--- Problem to work on ---
Everything from the "Direct Vision Standard & TFL" line to the final line of the listing should be written out exactly. Skip the pictures.
[Stored data — start]
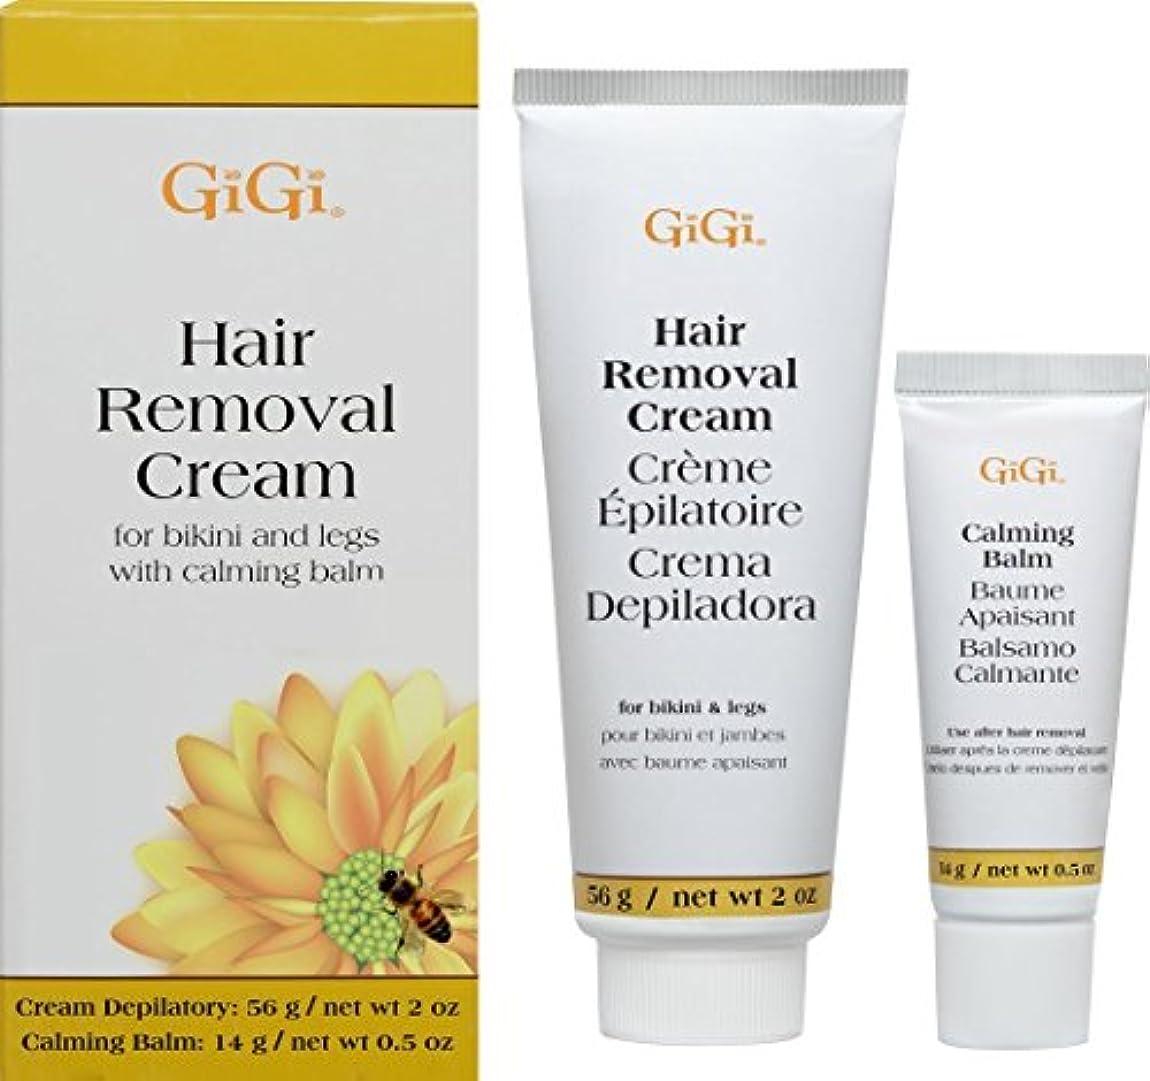 バランス建物皮肉な(1) - Gigi Hair Removal Cream W/Balm For Bikini & Legs
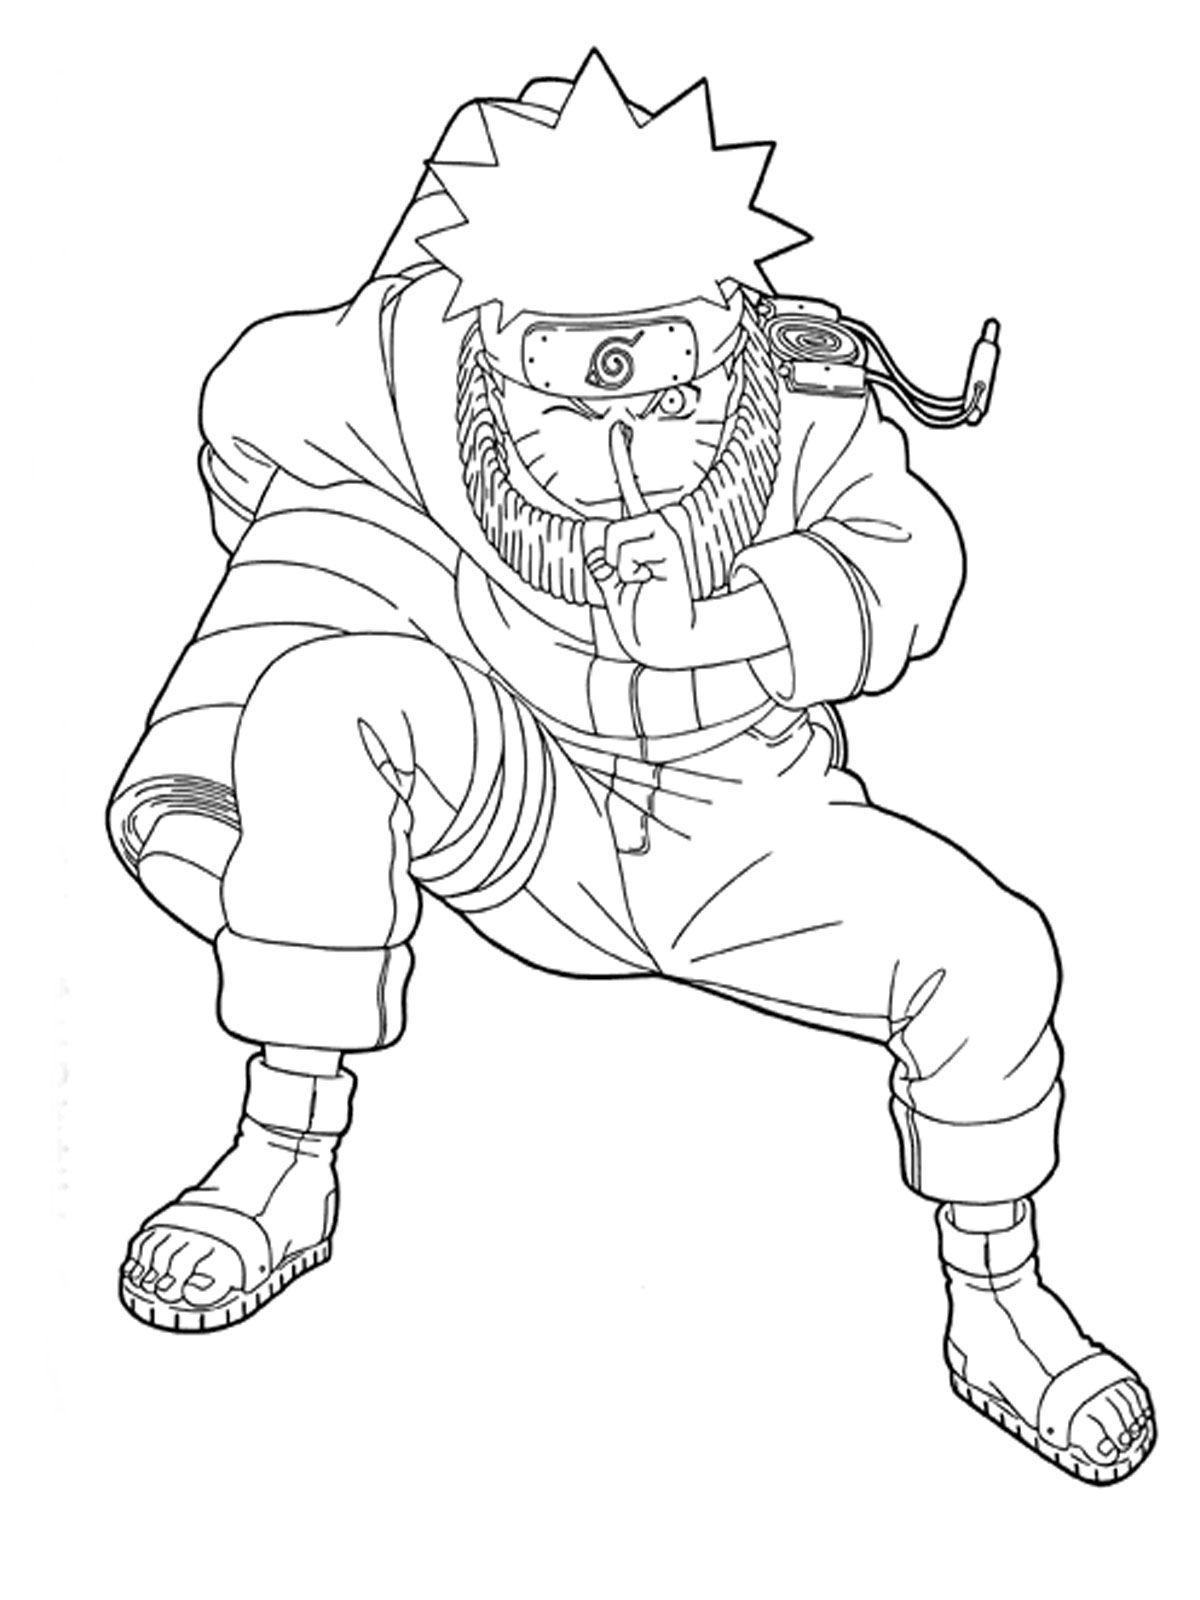 Naruto Gezeichnet
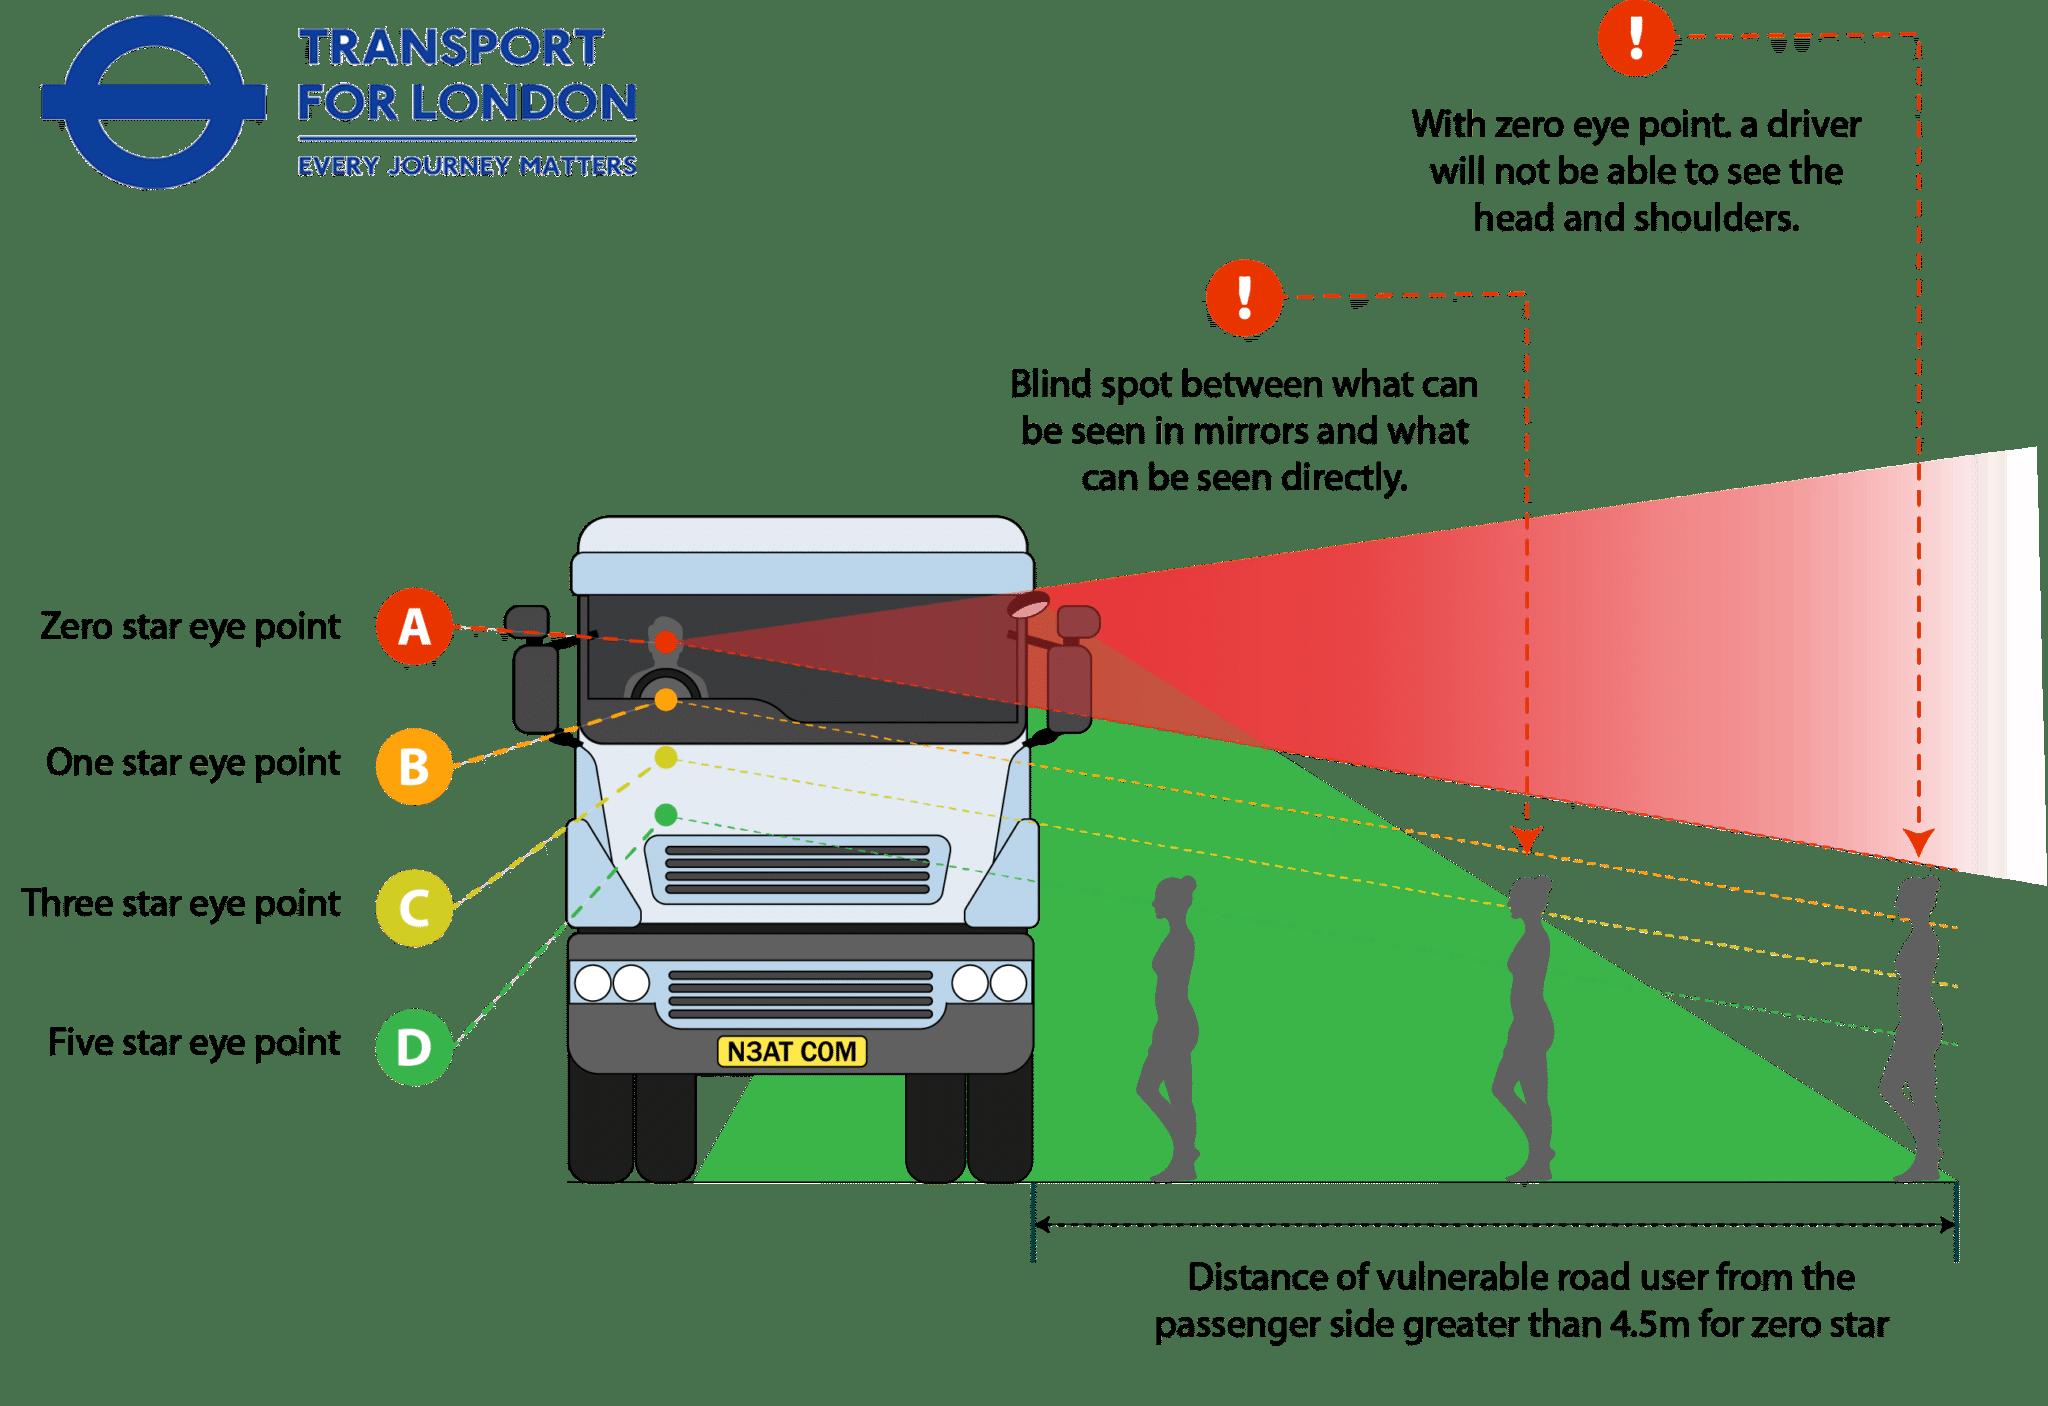 Direct Vision Standard & TFL
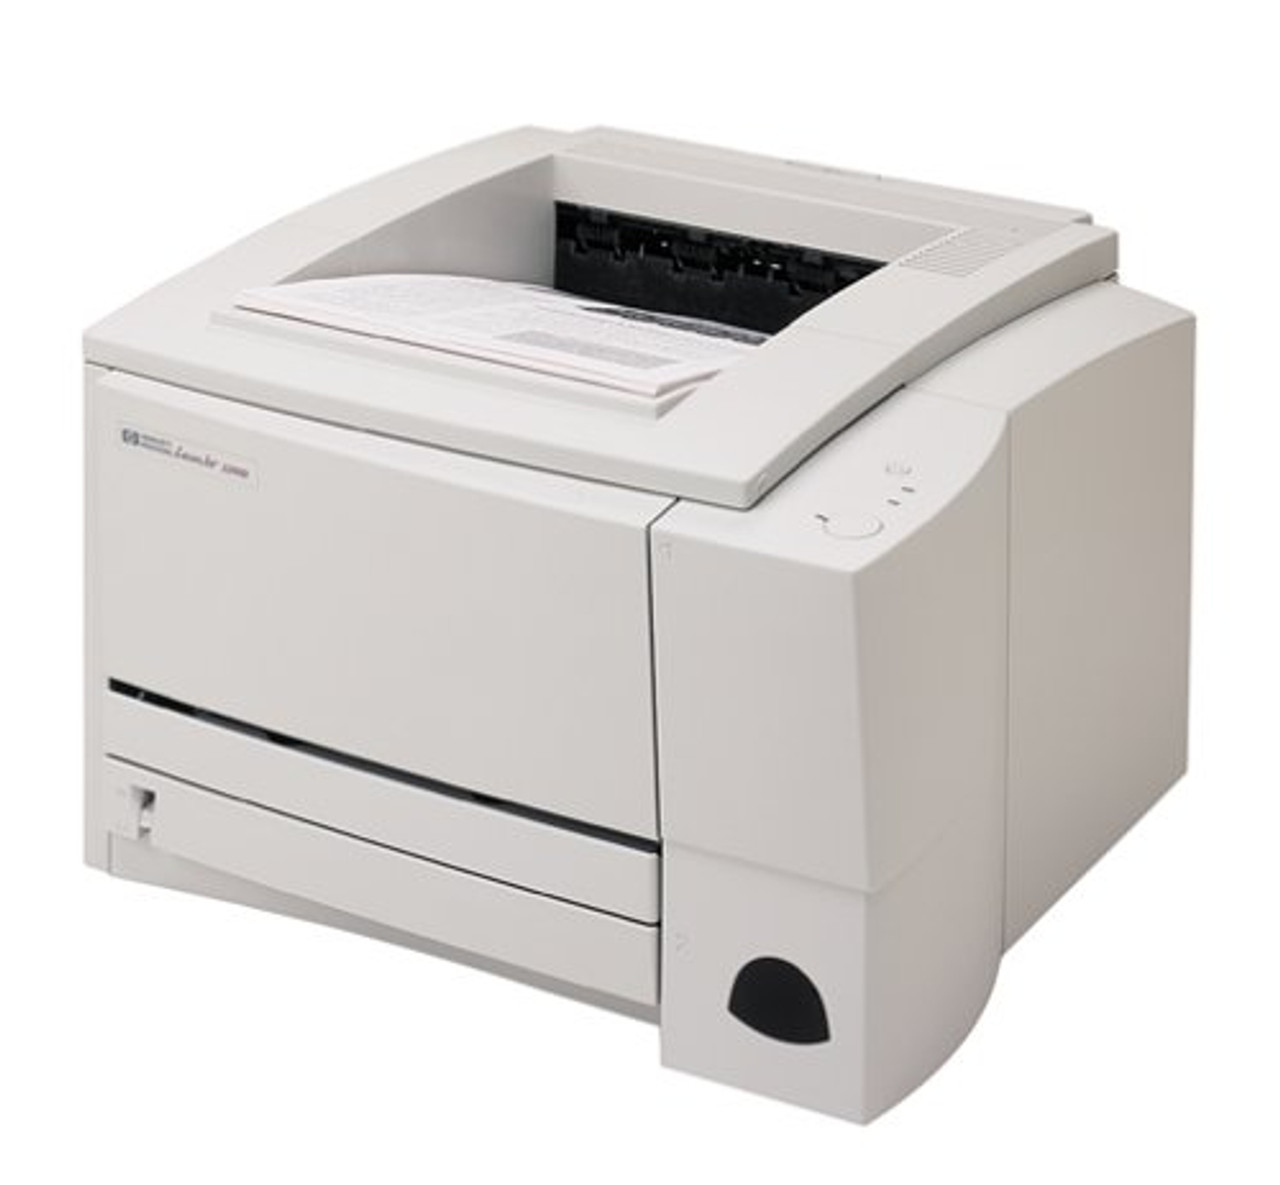 HP LaserJet 2200d - c7058a - Laser Printer
[Stored data — finish]
--- Result of this task ---
 Direct Vision Standard & TFL
 HP LaserJet 2200d - c7058a - Laser Printer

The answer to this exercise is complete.